A Named Entity Recognition and Topic Modeling-based Solution for Locating and Better Assessment of Natural Disasters in Social Media

Over the last decade, similar to other application domains, social media content has been proven very effective in disaster informatics.
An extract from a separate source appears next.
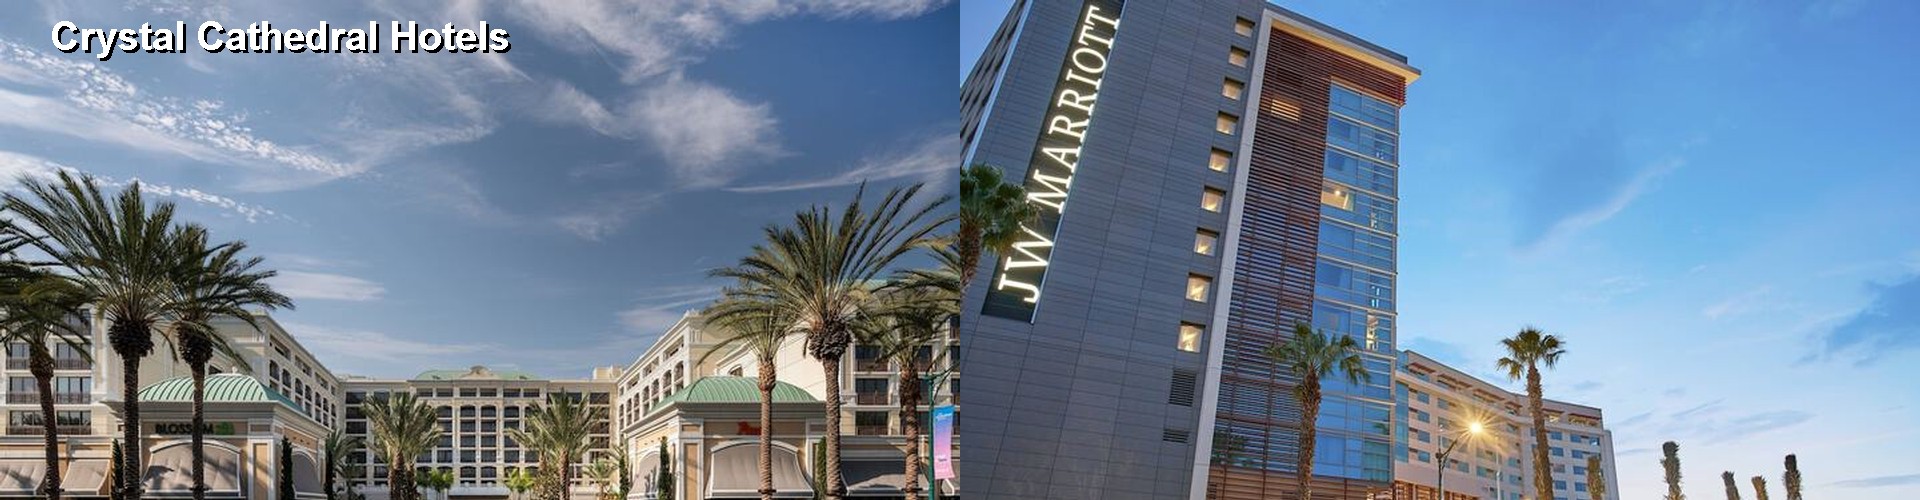 5 Best Hotels near Crystal Cathedral

However, due to the unstructured nature of the data, several challenges are associated with disaster analysis in social media content. To fully explore the potential of social media content in disaster informatics, access to relevant content and the correct geo-location information is very critical. In this paper, we propose a three-step solution to tackling these challenges. Firstly, the proposed solution aims to classify social media posts into relevant and irrelevant posts followed by the automatic extraction of location information from the posts' text through Named Entity Recognition (NER) analysis. Finally, to quickly analyze the topics covered in large volumes of social media posts, we perform topic modeling resulting in a list of top keywords, that highlight the issues discussed in the tweet. For the Relevant Classification of Twitter Posts (RCTP), we proposed a merit-based fusion framework combining the capabilities of four different models namely BERT, RoBERTa, Distil BERT, and ALBERT obtaining the highest F1-score of 0.933 on a benchmark dataset. For the Location Extraction from Twitter Text (LETT), we evaluated four models namely BERT, RoBERTa, Distil BERTA, and Electra in an NER framework obtaining the highest F1-score of 0.960. For topic modeling, we used the BERTopic library to discover the hidden topic patterns in the relevant tweets. The experimental results of all the components of the proposed end-to-end solution are very encouraging and hint at the potential of social media content and NLP in disaster management.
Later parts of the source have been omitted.